The idea being to maintain a collective pool of media storage (Tahoe requires less mutual trust here) that everyone shares, so that the media get deduplicated across instances, but it still ensures enough redundant copies across instances that outages don't break everyone
@rune I haven't kept up-to-date with the current model of Garage, but in Tahoe-LAFS it's basically RAID-over-the-network, and every client can verify the existence of enough shares and regenerate and reupload the missing shares if some file is not 'healthy' enough, as the mechanism to prevent data loss (so that minimal trust is required for availability)
@joepie91 garage would offer you 3 replicas, which should be plenty, but it does sound like tahoe-lafs is more geared towards untrusted setups.
But garage could definitely work for groups of trusted instances.
@rune Yeah, that was more or less my conclusion when I last evaluated Garage; that it's only really suitable for high-trust groups.
Tahoe doesn't have a set amount of replicas; you set the amount of total shares and the amount of needed shares for recovery, as an attribute of the upload. These settings do need to be the same for everyone for dedupe to work, though.
(Storage overhead is basically totalShares divided by neededShares)
@joepie91 Query - does tahoe support in-file deduplication?
The concern I see with that deduplication is that, while the original media would deduplicate nicely, the compressed version might not be an exact binary copy, timestamps, compression non-determinism, et cetera in play.
I feel like there'd need to be additional scripting to ensure that the compressed objects are also properly deduplicated.
@rallias It does not; it's purely binary deduplication (and I'm not sure anything more involved would be viable without breaking the security properties, though I also question how much real-world benefit it would yield in practice)
@joepie91 Yeah, I mean, having a script that synchronizes the compressed versions based on their source material would make that deduplication work.
That's not entirely unprecedented - I do recall seeing (although am struggling to find) a community of instances that have scripted to share a CDN.
@rallias Right, I have seen that as well, but abstracting over a CDN requires a very high level of trust due to the centralized nature of the CDN itself - hence why I was thinking that something decentralized would be a better fit.
@joepie91 Aye, that's what I'm saying, have the best of both worlds, the deduplication facilitated by using that same type of script to reconcile differences where appropriate, while having the tahoe-lafs for whatever.

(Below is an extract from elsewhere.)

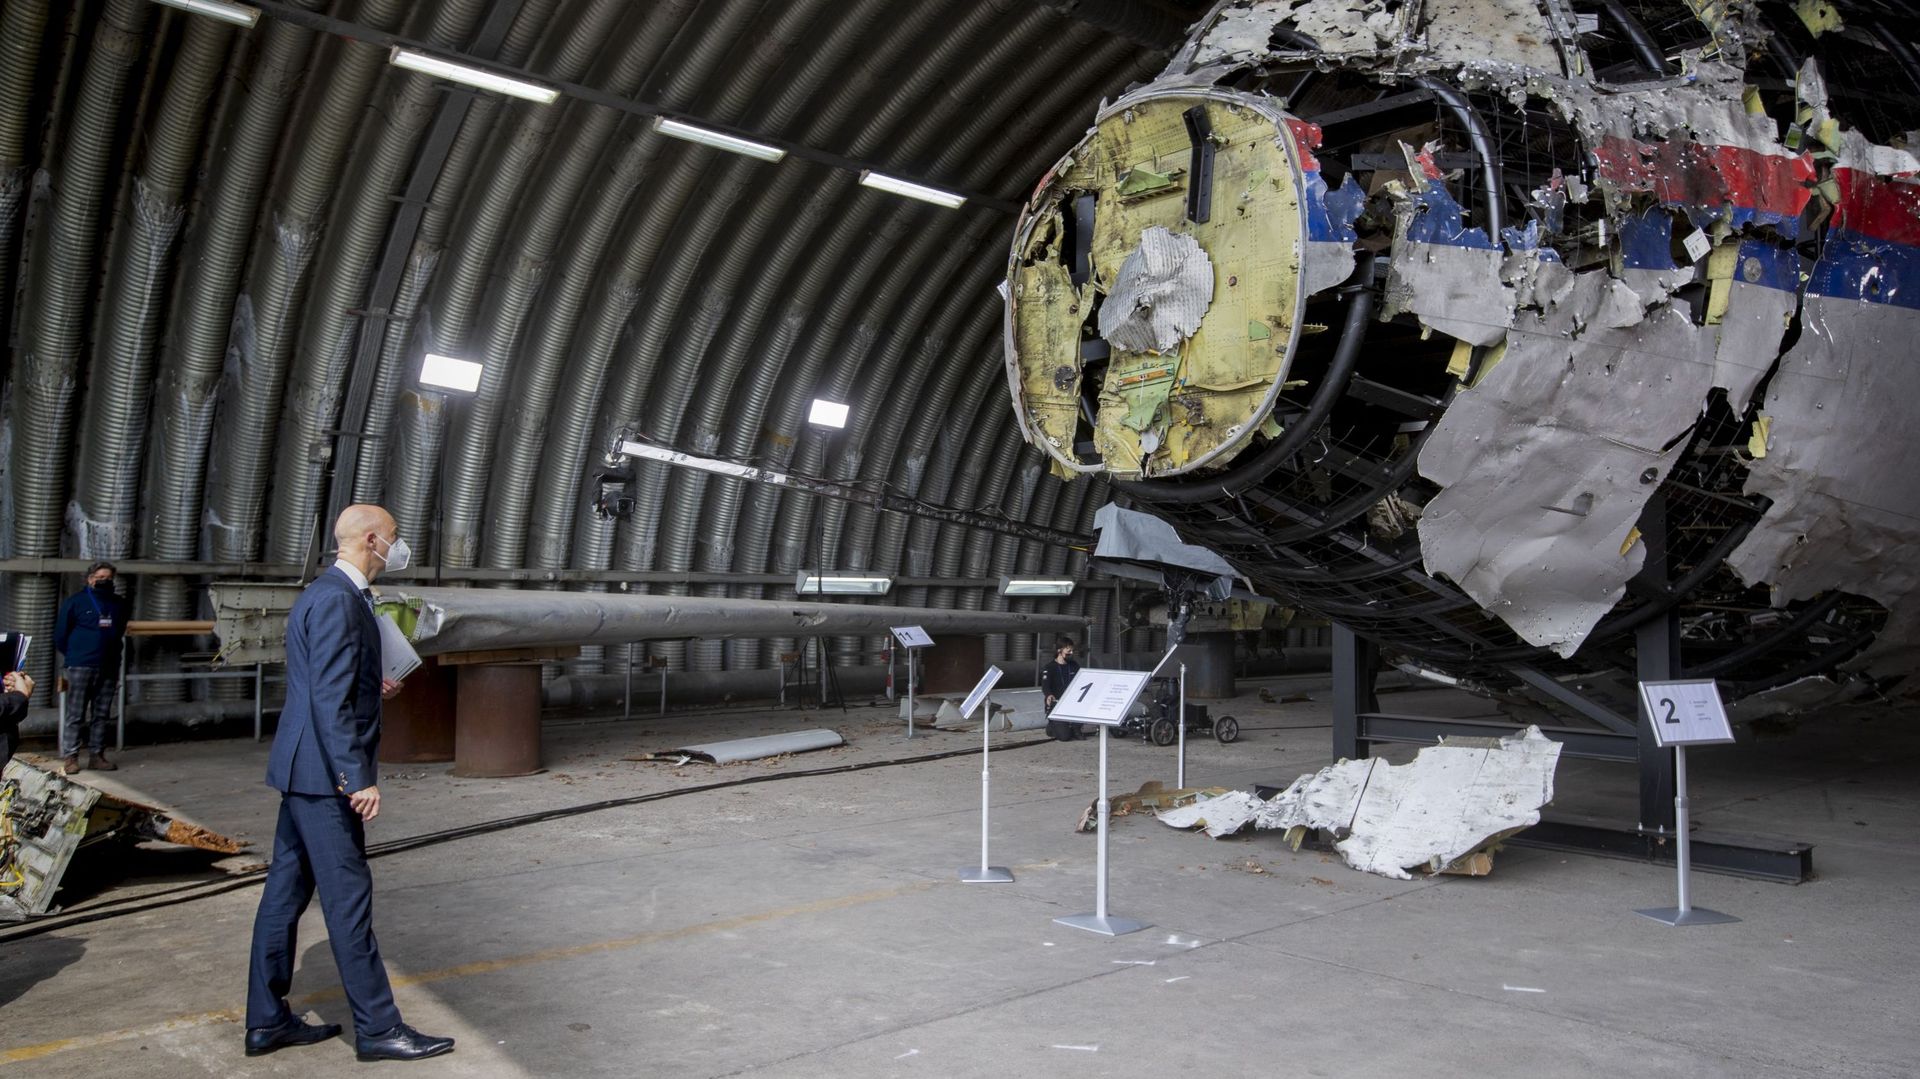 L'éoave du vol MH17

@joepie91 this would be super interesting. I guess with garage each site could point the dns to their own node and let it route it to whoever has the copy. You can tag location and iirc it's ok about considering latency.
Trust is probably the biggest thing since once you go beyond 3 nodes you won't have a full copy locally and won't be able to guarantee it is available if enough remote nodes go down or lose their data.